I hope they spit in her lemonade

One of the sure signs of summer in suburbia is the neighborhood lemonade stand.  Last week I dropped Boo off at the train station for a trip to CT for work.  On our way to the train, we passed a lemonade stand, 25 cents a glass.  We kept driving (so we wouldn’t miss his train) but I said I’d stop on the way back.

So anyway, I dropped Boo off and headed back to the lemonade stand.  There was a bit of confusion when I pulled up.  It seemed that the lead car stopped for lemonade and confused the car behind them who couldn’t figure out to keep driving.  Granted, the stand was somewhat tricky to navigate.  It was perched at the end of a driveway on one of the notoriously narrow Main Line roads.  So there was parking to figure out.  Do you put the flashers on?  Do you assume that other drivers are smarter than the person you just saw who couldn’t figure out that cars were stopped to buy lemonade?

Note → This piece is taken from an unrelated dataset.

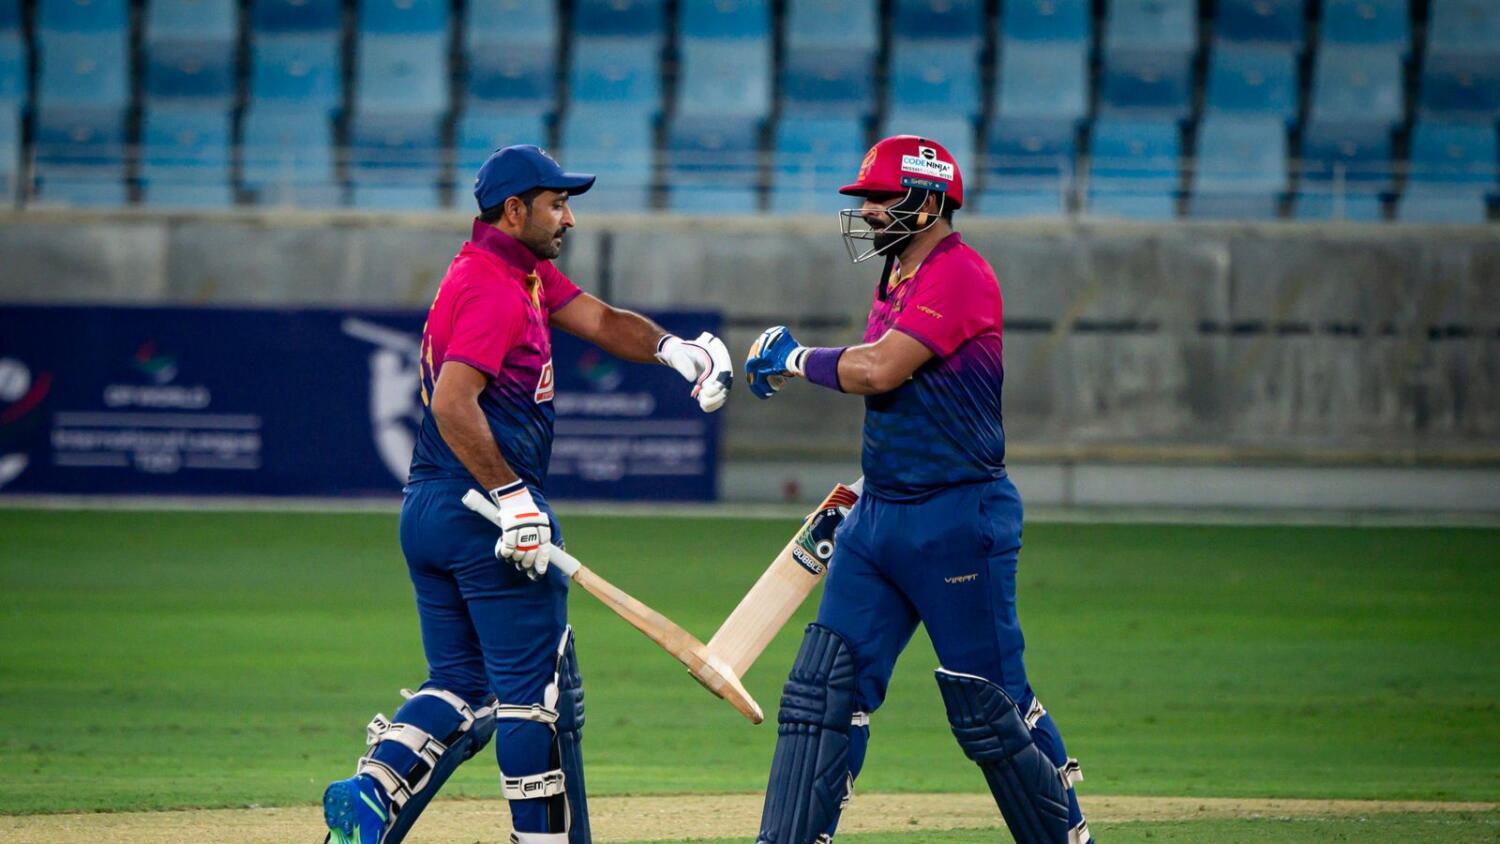 UAE's Muhammad Waseem and Asif Khan in action against New Zealand during the second T20I match at Dubai International Stadium on Saturday

But it’s Sunday, not that traffic-y, so I said ‘what the heck’, stopped the car, and walked over.  But while I’m parking my car, I see a manicured hand slide out of the driver’s side window of the car parked in front of me.  Just the hand.  And then I see the finger waggle, beckon the kids over to the car, and flash a dollar bill.

My jaw kind of dropped.  I’ve crossed the street and I’m waiting for these kids (the oldest was probably 11) to pour my glass.  I ask if they’re having fun and tell them to keep up the good work and walk back to my car.  Meanwhile, this woman has refused to leave her car.  She has forced these little kids to cross the street with her lemonade.  I mean, these poor kids were like, 6 years old, teeny tiny, and schlepping across the road with her lemonade.  I just was shocked.  I mean, it takes an extra 30 seconds to park the car and get out, so why wouldn’t you?

So maybe I’m old school.  Maybe I’m used to people who act like they are supporting kids actually doing so rather than rolling down the tinted window and waggling their scary manicured fingers for a drink.  Like these kids are here to serve her.  Please lady, that has never been the point of a lemonade stand and you know it.

If it were me…well, I would have spit in her lemonade.


8 thoughts on “I hope they spit in her lemonade

  1. What an interesting case study on the Suburban Female Dirt Bag. Interesting species…so shiny and perfect on the outside…and rotten and gross on the inside!